## Work task
The answer is the exact run of lines in the listing below from the line containing "Océano, azul pero ácido" up to and including the line containing "Пушков: Европа схватила", with pictures removed.
━━━━━ Data for this task
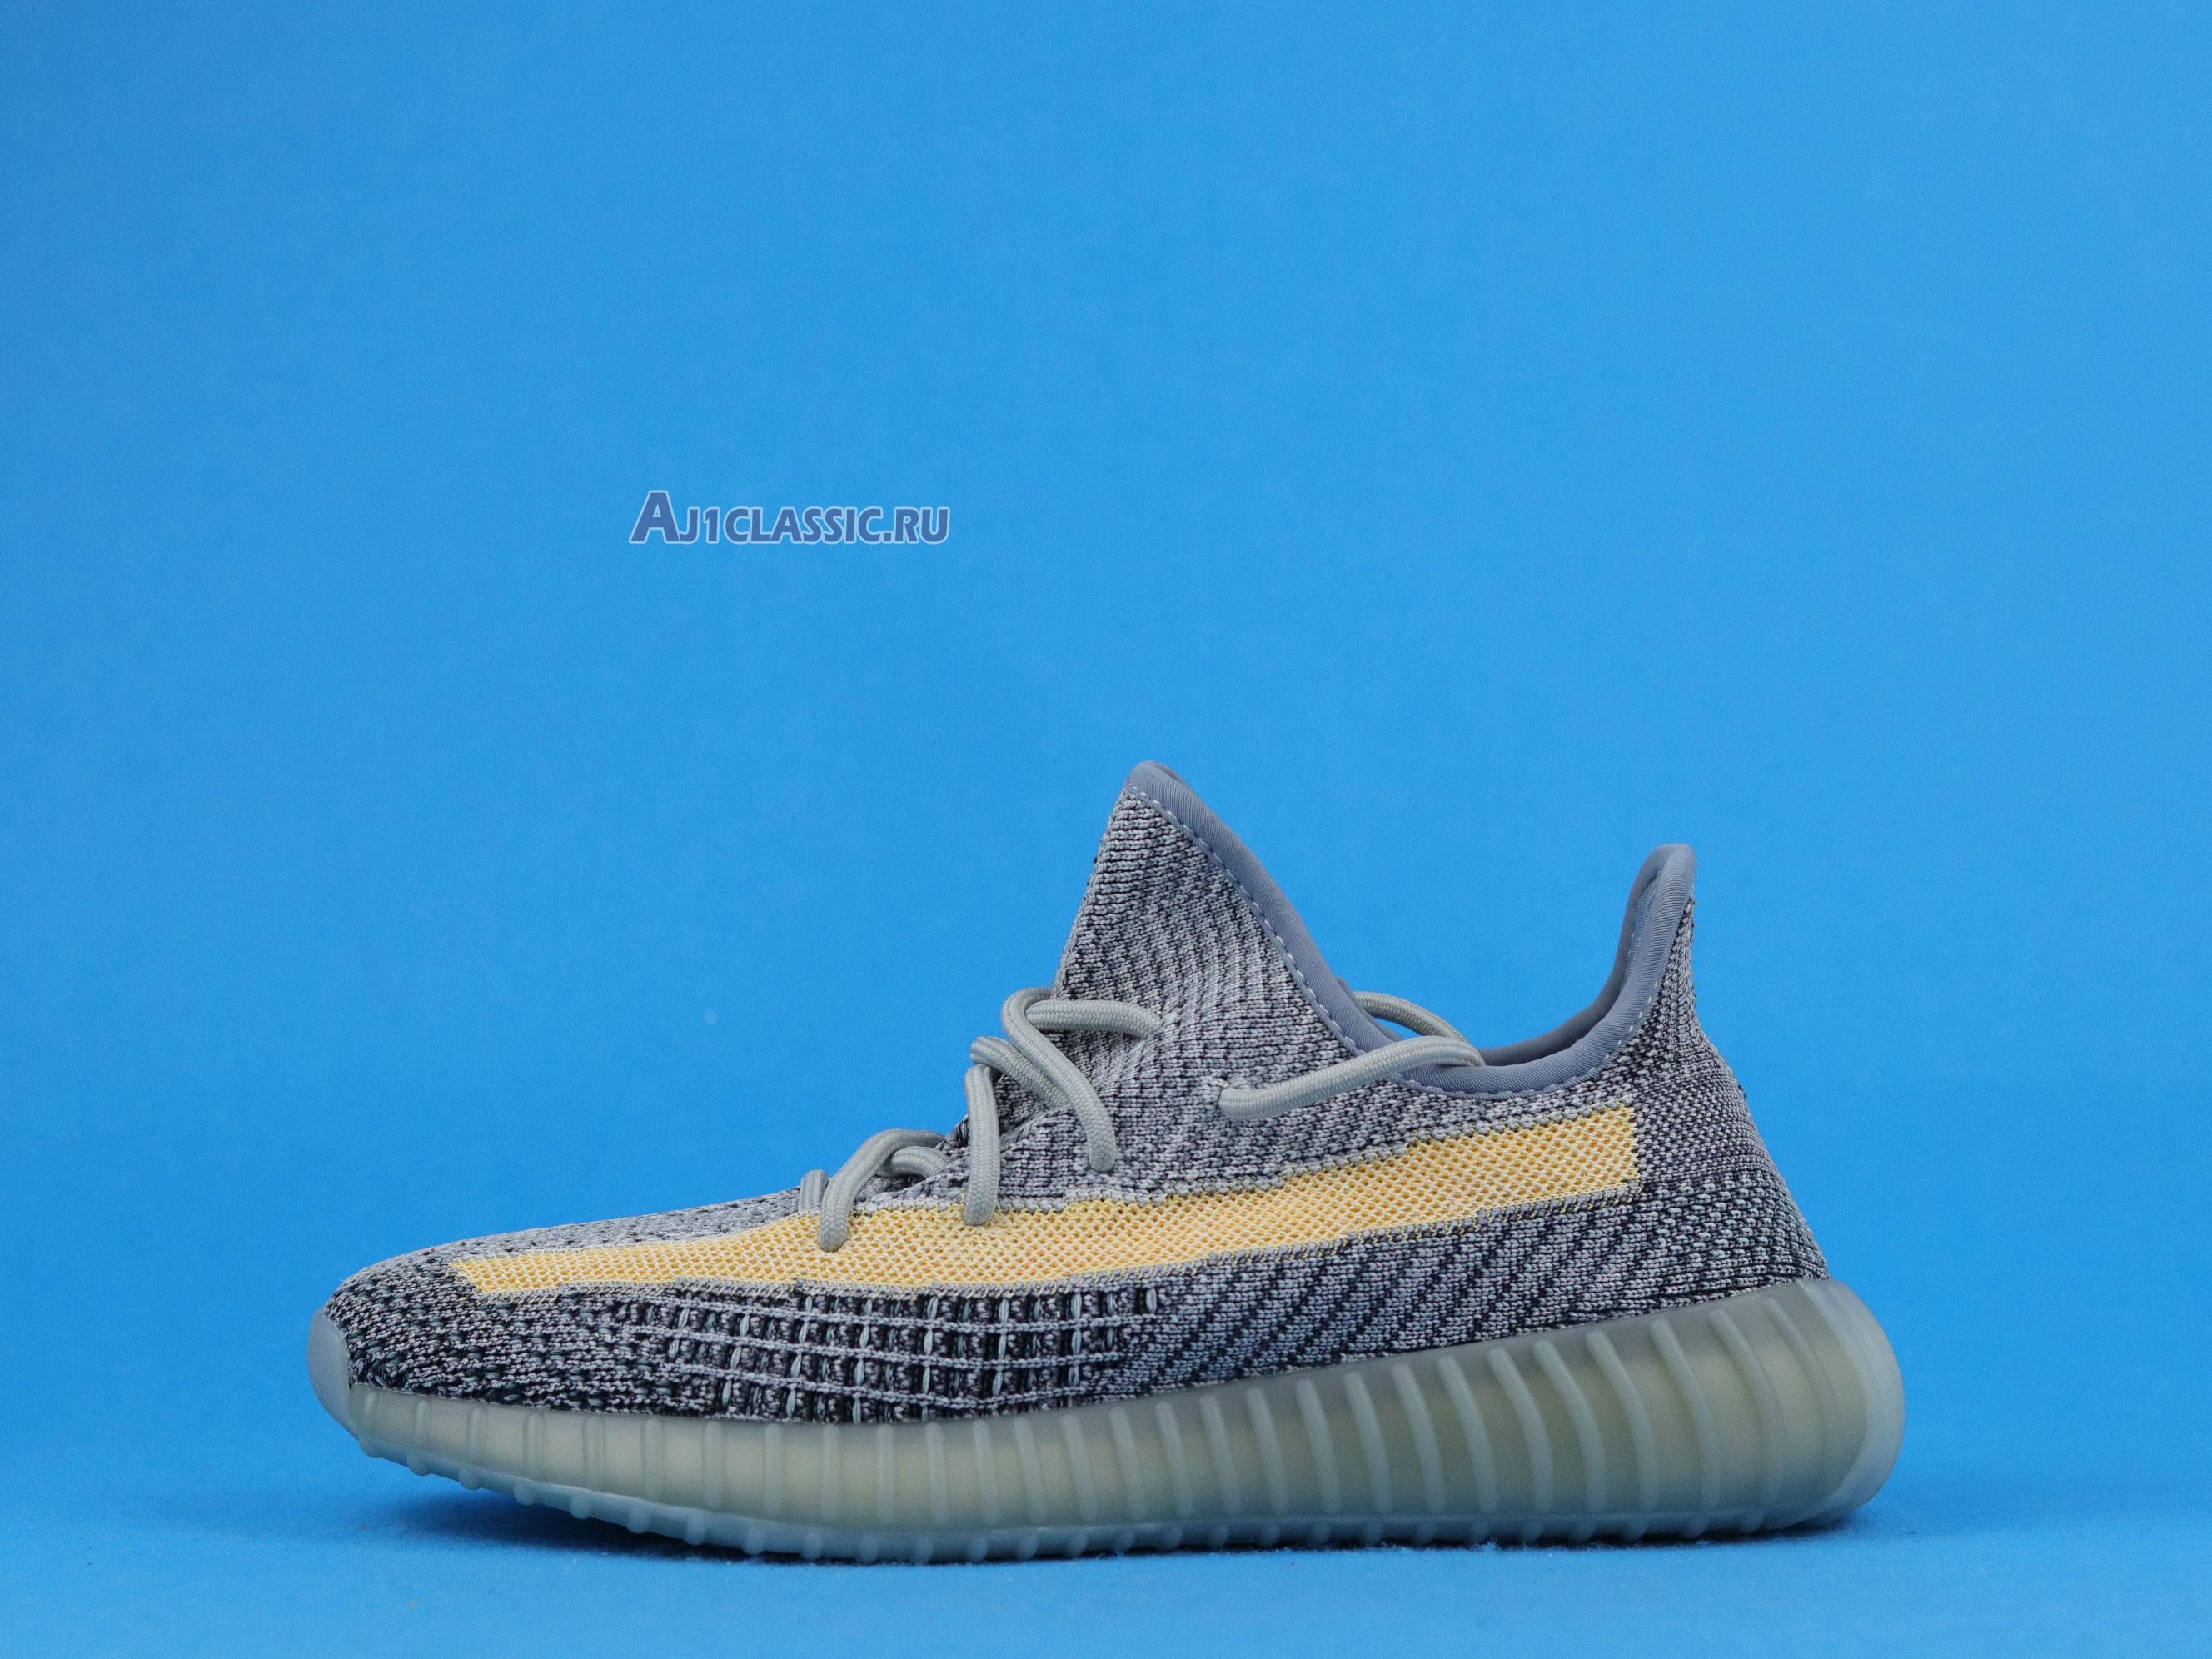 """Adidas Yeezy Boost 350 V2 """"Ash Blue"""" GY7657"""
━━━━━━━━━━
━━━━━ Data for this task
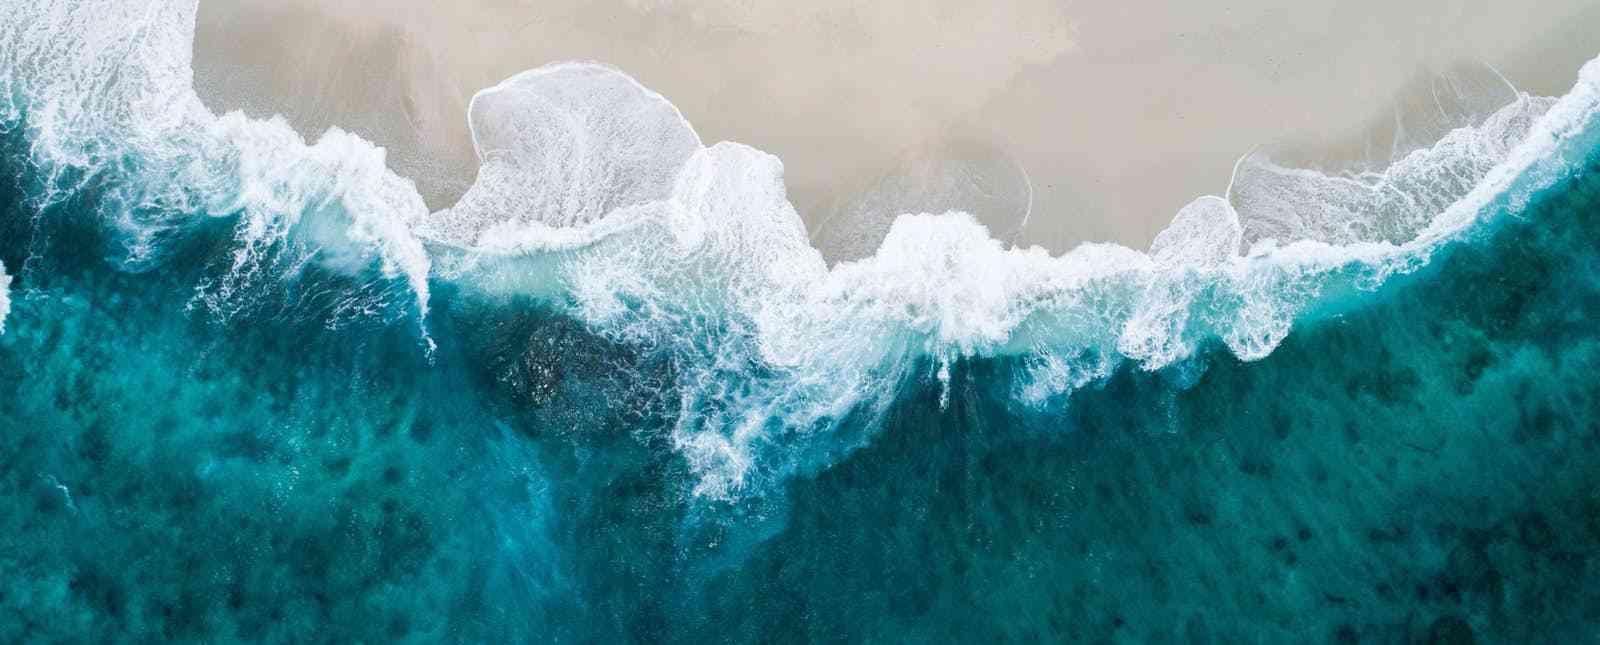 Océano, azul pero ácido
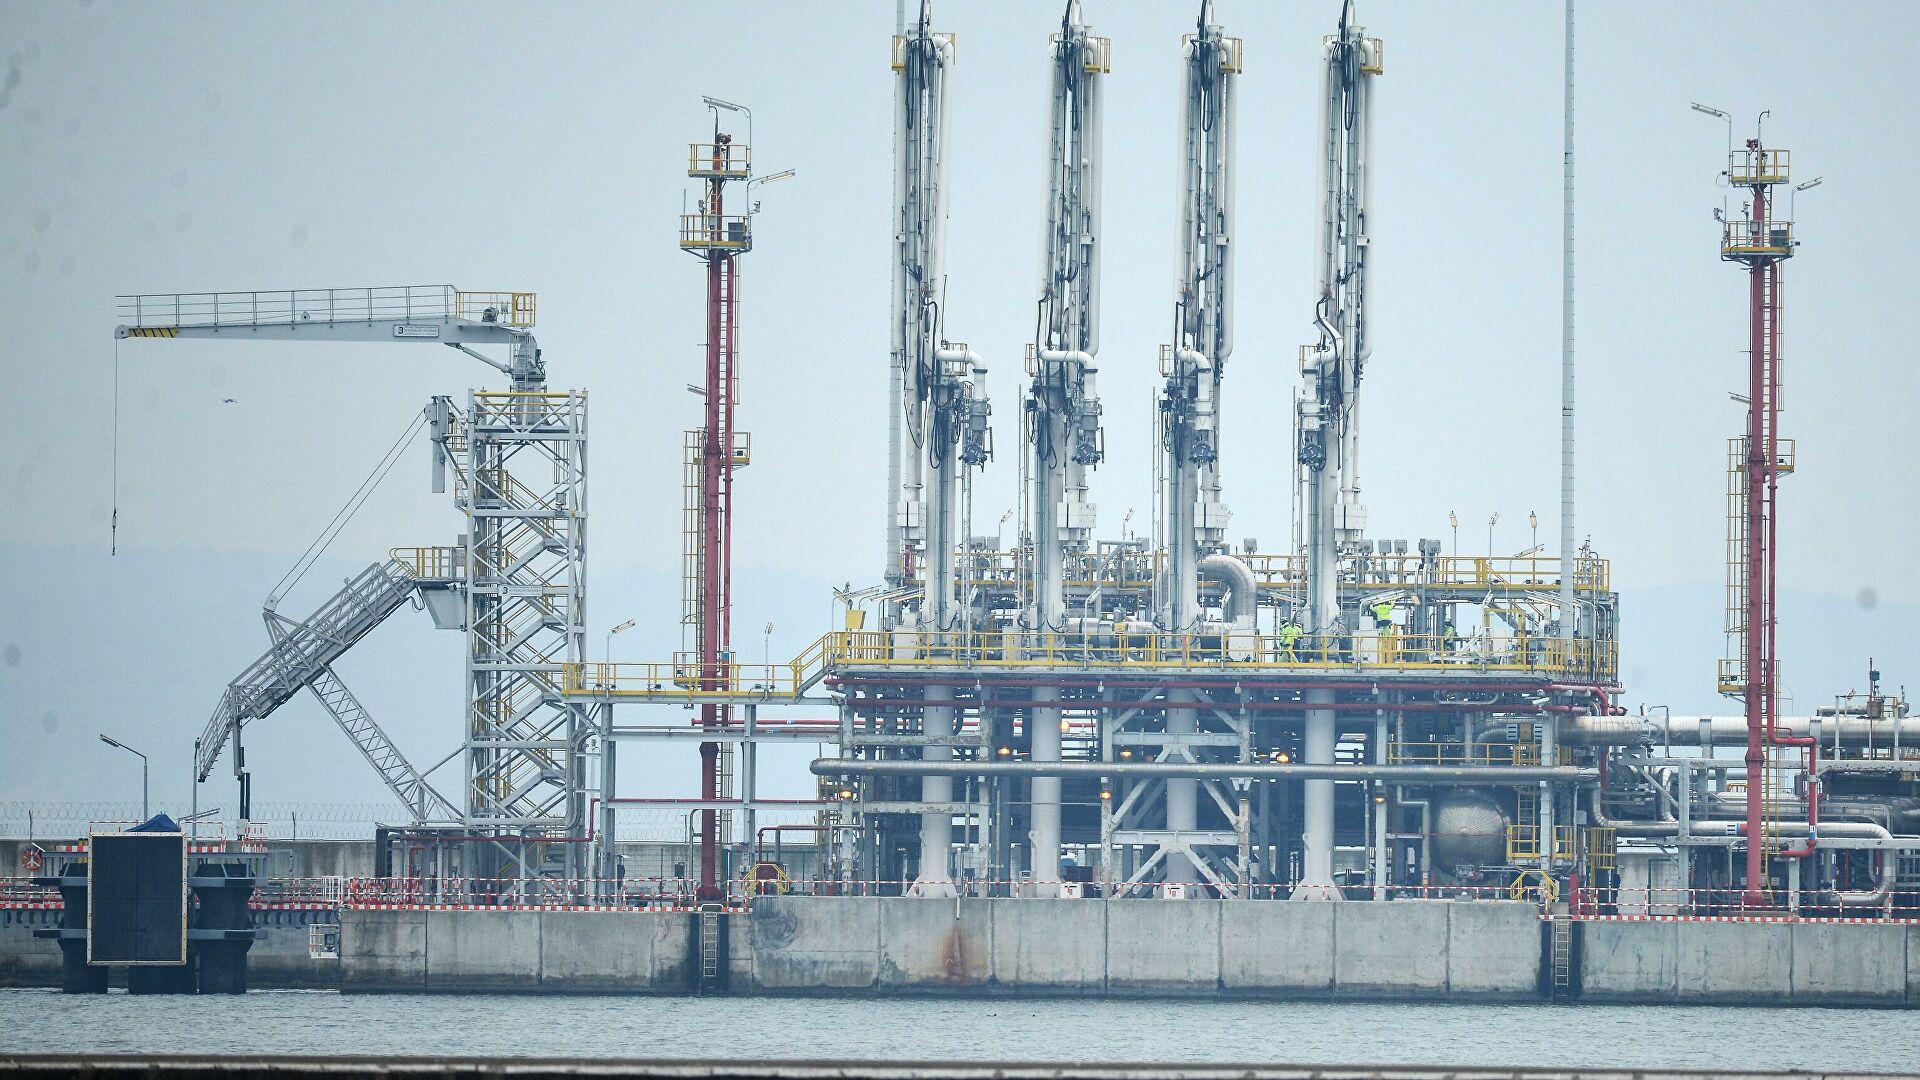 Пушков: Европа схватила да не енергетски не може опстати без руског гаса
━━━━━━━━━━
━━━━━ Data for this task
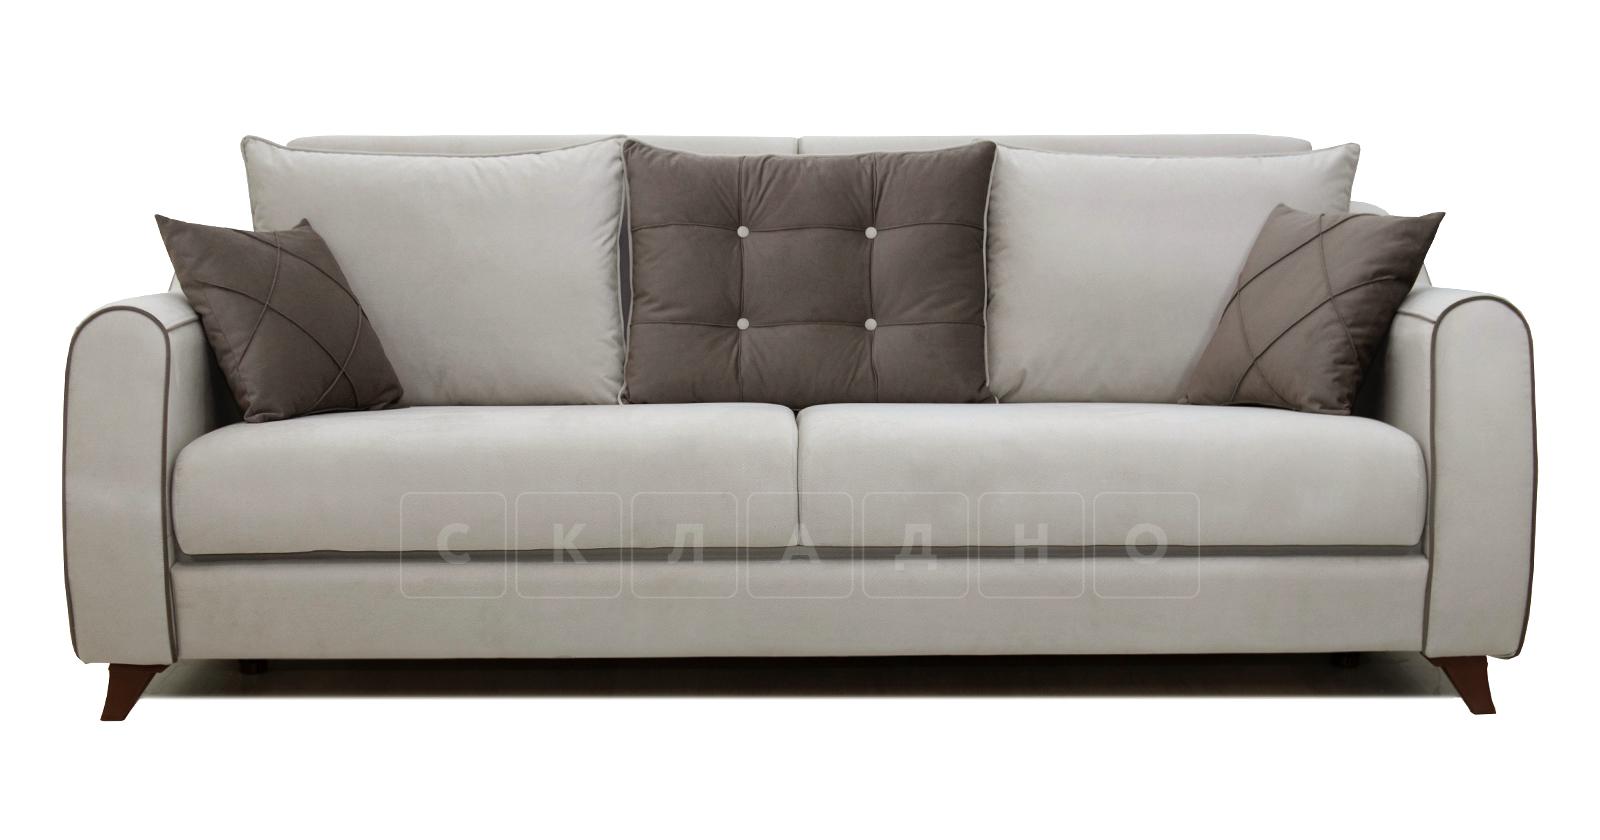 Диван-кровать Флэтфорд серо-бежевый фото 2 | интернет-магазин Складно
━━━━━━━━━━
## Response area
 Océano, azul pero ácido
 Пушков: Европа схватила да не енергетски не може опстати без руског гаса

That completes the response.